Saturday, September 15, 2007

Created to Fail

The Bouchard-Taylor commission is a failure, because the appointees don't have what it takes to understand French Quebeckers and above all, ethnic minorities.


In February, Quebec's Premier Jean Charest appointed sociologist Gérard Bouchard and philosopher Charles Taylor at the helm of a study commission. These two academics were to conduct a province-wide study on religious accommodations. In addition to the controversies sullying the commission, Bouchard and Taylor recently had the bad idea to broaden the debate on religious accommodations to immigration.

Let's say things as they are: the Bouchard-Taylor commission is just a pure waste of money. Instead, Charest could have taken a very quick decision. The Bouchard-Taylor commission is a failure, because the appointees don't have what it takes to understand French Quebeckers and above all, ethnic minorities.

Jean Charest has ludicrously stressed all along on the fact that the commission is led by "experts" on the issues of religions and immigration. Well, the commission certainly has the merit to be led by academics and backed up by another batch of... 15 academics! However, this is unimpressive. These are actually academics who have expressed their opinions on religions and accommodations throughout their intellectual career.

If Jean Charest had appointed lawyer Julius Grey, my perception about the study commission wouldn't change from a bit. In fact, Grey is just one of those buffoons who live in a make-believe-it world of his own.

Even though they won't admit it, the 17 academics forming the Bouchard-Taylor commission just have no concrete experience in the domain of immigration. Despite all the education that they received, their knowledge is not comparable to that of a social worker or even a lawyer specialized in immigration. With their immoderate penchant for cold theories, how can Bouchard and Taylor, in the first place, understand all the things that ordinary French Quebeckers and above all, ethnic minorities go through?

Add to that the group of 15 academics that were hand-picked by Bouchard and Taylor. With two people who have a foreign-like name, we can expect this group to fully understand every ethnic layers of Quebec...

Seriously, having a whole set of diplomas is beautiful. However, being on a field in order to help immigrants is better than sitting down and producing abstract thoughts.

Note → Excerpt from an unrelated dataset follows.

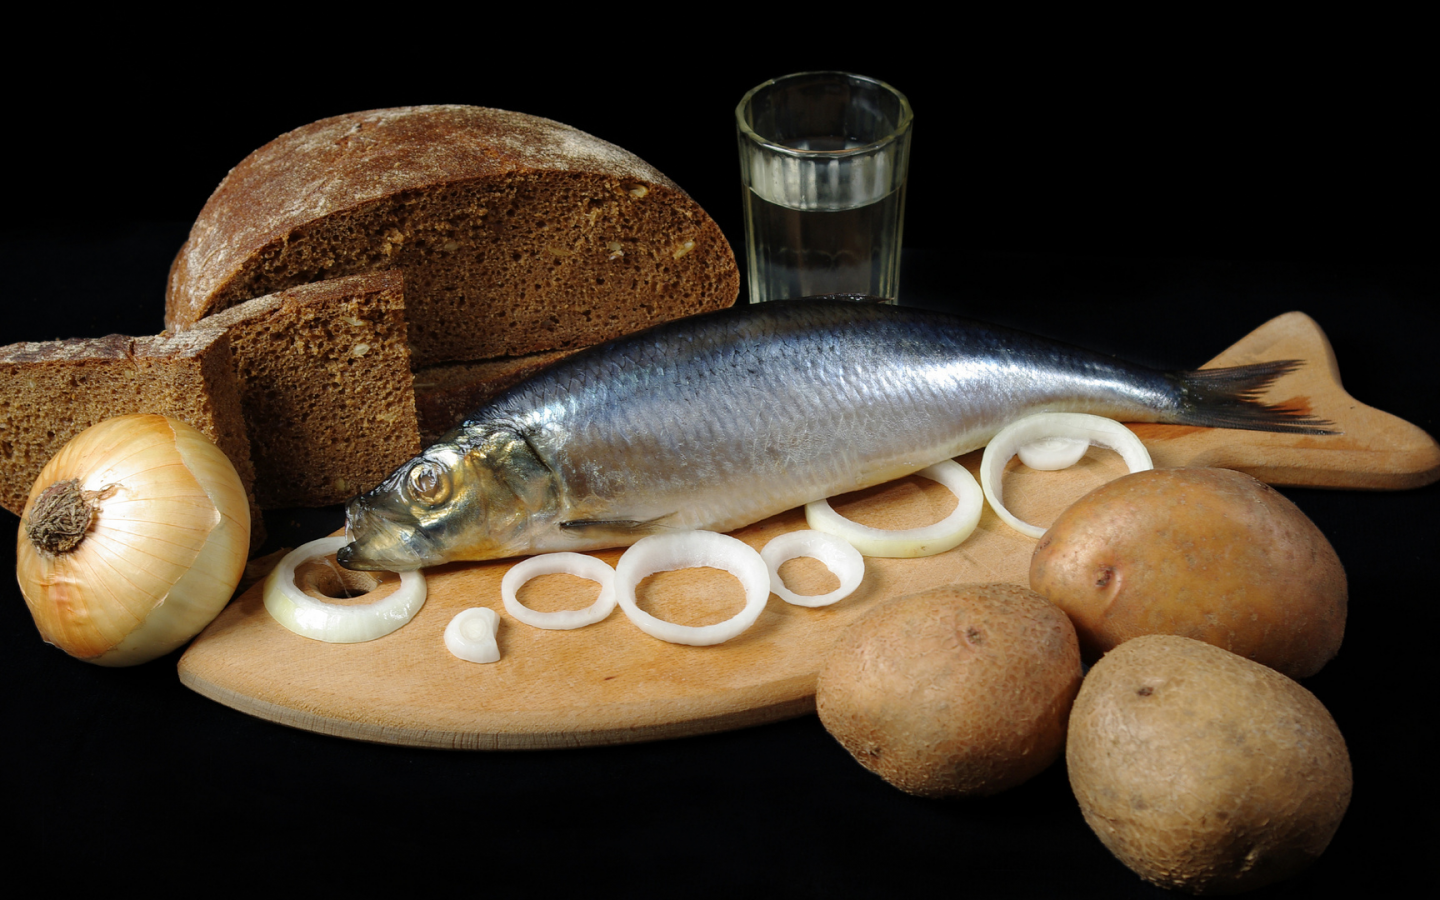 седёдка, картошка, лук, хлеб, стопка, водка, рыба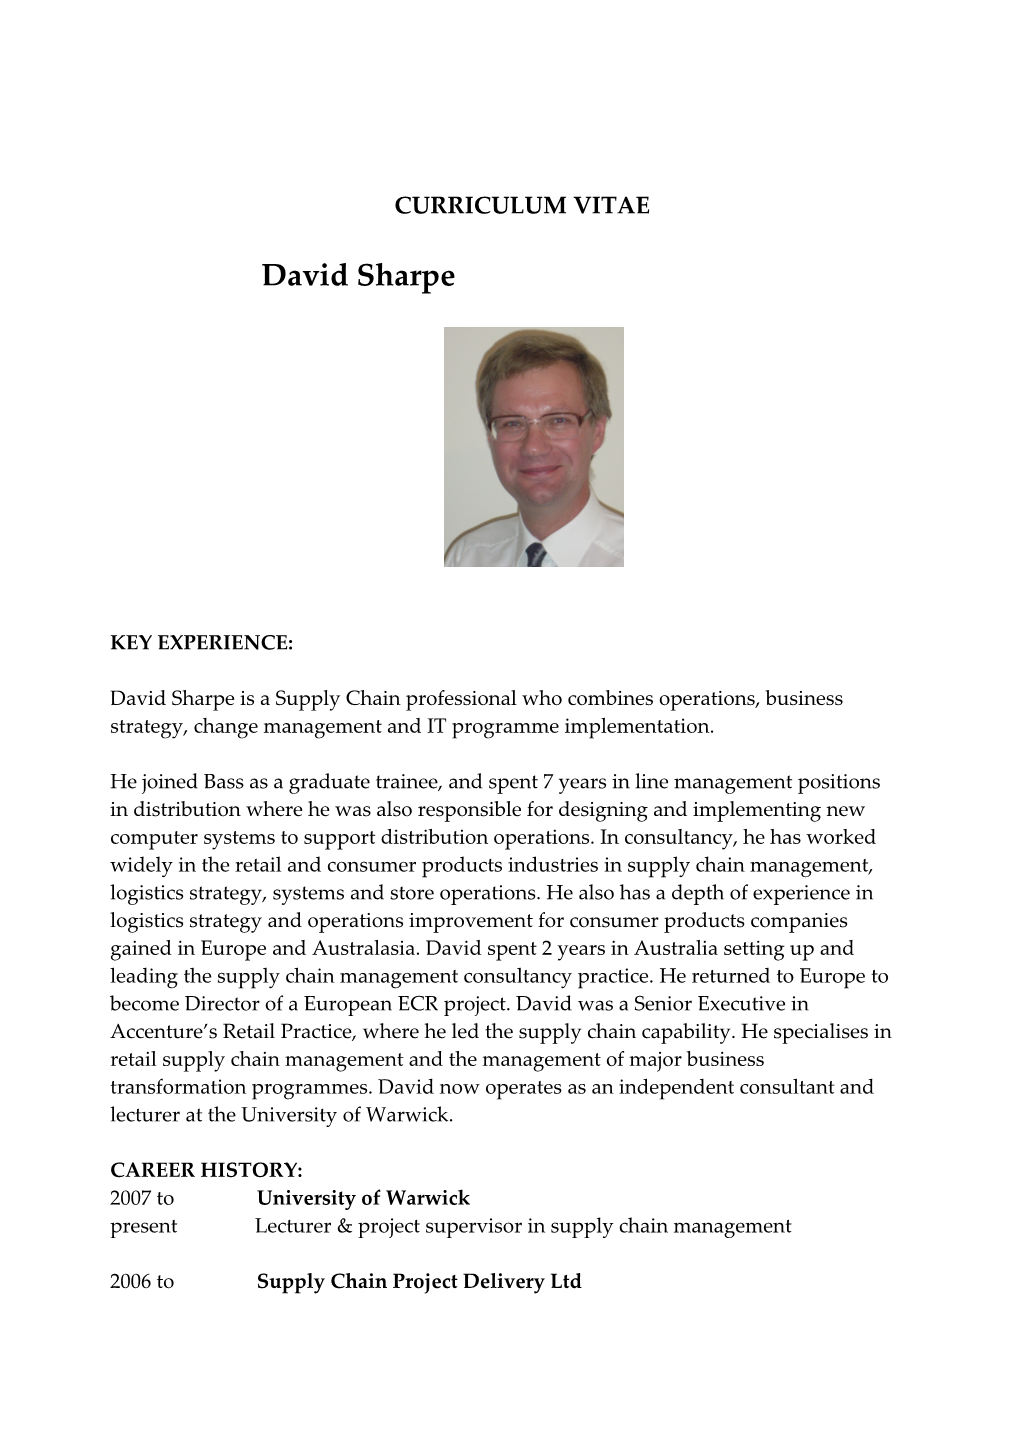 Curriculum Vitae: David Sharpe

As a matter of fact, Gérard Bouchard pathetically believe that Montrealers and the rest of Quebeckers just live the same reality, which means ethnic diversity. For someone who spent most of his life in Chicoutimi, Bouchard really doesn't understand that the issue of ethnic co-existence mostly concerns Montrealers, in the first place.

Secondly, Bouchard is seriously dumb enough to believe that racism is just on the side of French Quebeckers. I beg your pardon, Mr Bouchard! What are you waiting for to get out of your ivory tower, eh? I do know many people (coming from ethnic minorities) who have been saying racist things against French Quebeckers for quite a while! As for Charles Taylor, well, needless to say that he's just a dogmatic ideologist who can't express nuanced stances on the issue of ethnic co-existence and religions if you read some works of his.

The creation of the study commission might be fraught with good intentions for some people. However, as opposed to what Jean Charest believe, the commission is far to be a tool for a "public debate". After all, the problem is this simple: the appointees are just people who are more used to sit down rather than being on the field.